Ужин при свечах удался на славу. Яблоневые сучья и ветки в огромном камине горели ровно и источали тонкий аромат древесного дыма. А за открытым настежь окном номера стоял еще живой яблоневый и абрикосовый сад, слегка подернутый синеватым туманом.
– А ты любишь хорошие стихи? – встав с кресла у камина, Мария подошла к раскрытому окну.
– Возможно. Но вообще-то я по технике…
– О счастье мы всегда лишь вспоминаем,
А счастье всюду, может быть, оно
Вот этот сад осенний за сараем
И чистый воздух, льющийся в окно, —
продекламировала Мария.
– Красиво. И похоже на правду. Кто написал?

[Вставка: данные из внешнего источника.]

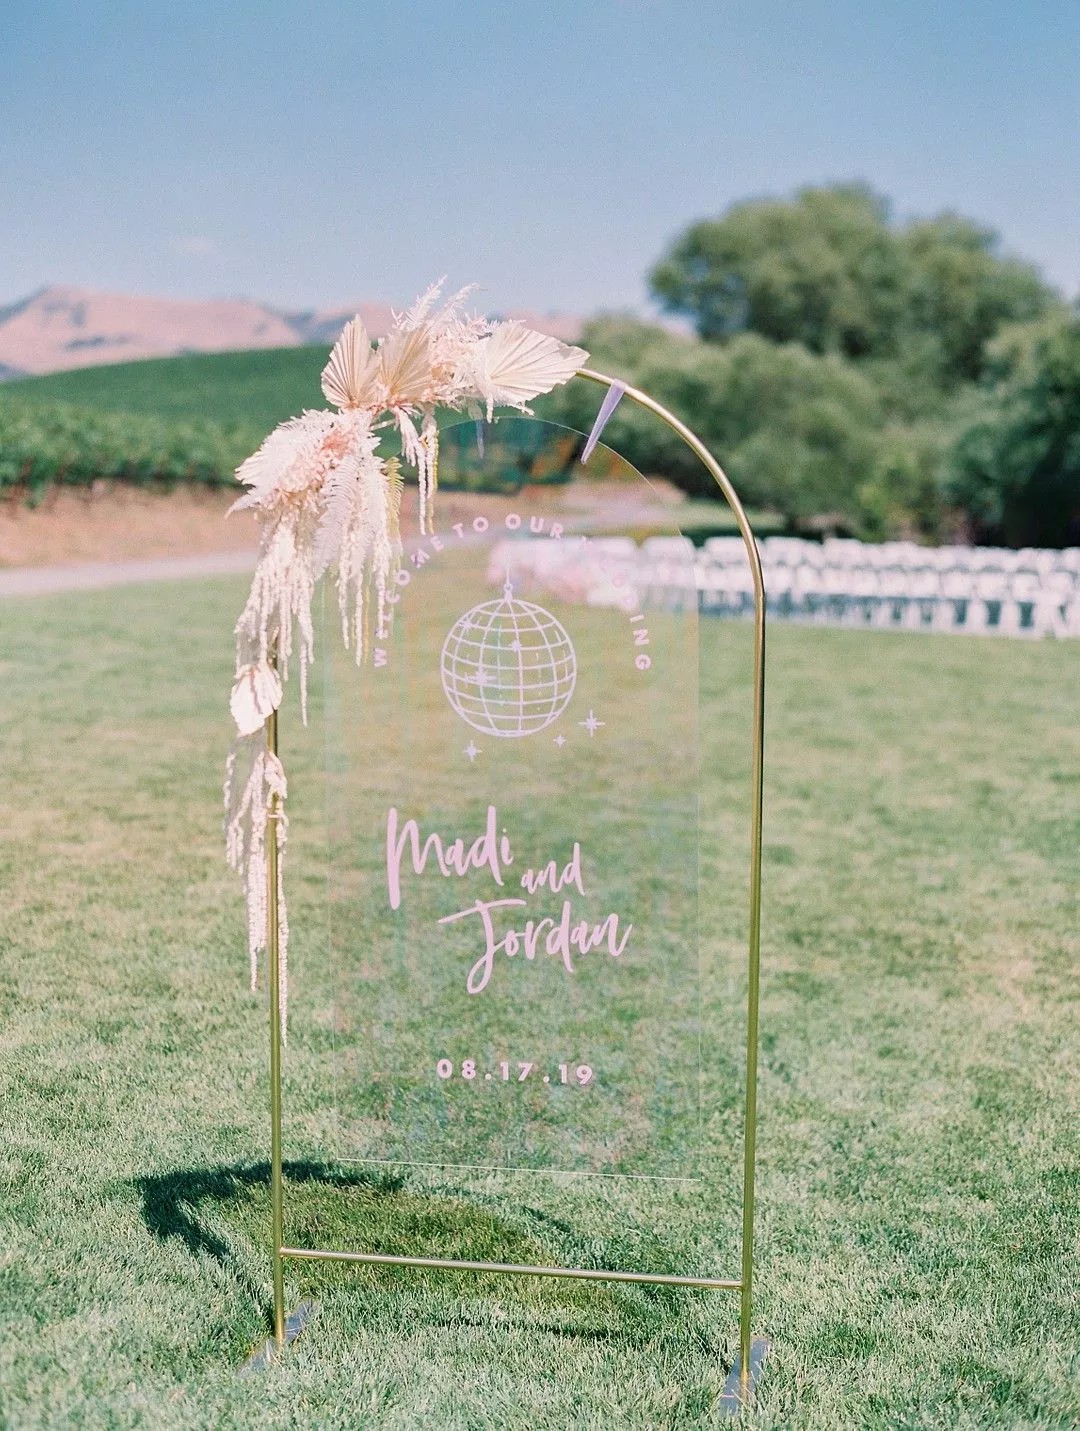 46 Amazing Wedding Sign Ideas To Décor Your Must-Know Wedding Instructions

– Бунин. Он живет где-то на Юге Франции.
– Много приличных людей уехало из России, – Павел вздохнул, – много. Хотя, когда у французов была их Великая революция, они ведь бежали спасаться к нам. И не просто спаслись, а послужили России верой и правдой. Взять хотя бы праправнука того же кардинала Ришелье. Этот Ришелье-младший и во взятии Измаила участвовал, и градоначальником Одессы был, ему даже там памятник есть от благодарных жителей. Он ведь и генерал-губернатором Новороссийского края был. А потом, после победы над Бонапартом, дважды возглавлял кабинет министров Франции. Так что толковый у кардинала был праправнук и, говорят, при этом еще и бессребреник. Такие бывают на свете чудеса: при должностях, при монарших милостях, воруй, сколько унесешь, а он бессребреник. Бриллианты из русских орденов выковыривал и продавал, чтобы кормиться в отставке.
Они не стали рисковать и заказали у ресторатора то же самое вино, что пили вчера.
– За что пьем? – поднимая бокал, спросила Мария.
– Не зря говорят: «слово – серебро, молчание – золото». Давай выпьем молча, каждый за свое, заветное.
Они звонко чокнулись, помолчали и осушили до дна свои бокалы.
Потом долго смотрели в тишине на пляшущие язычки пламени в камине.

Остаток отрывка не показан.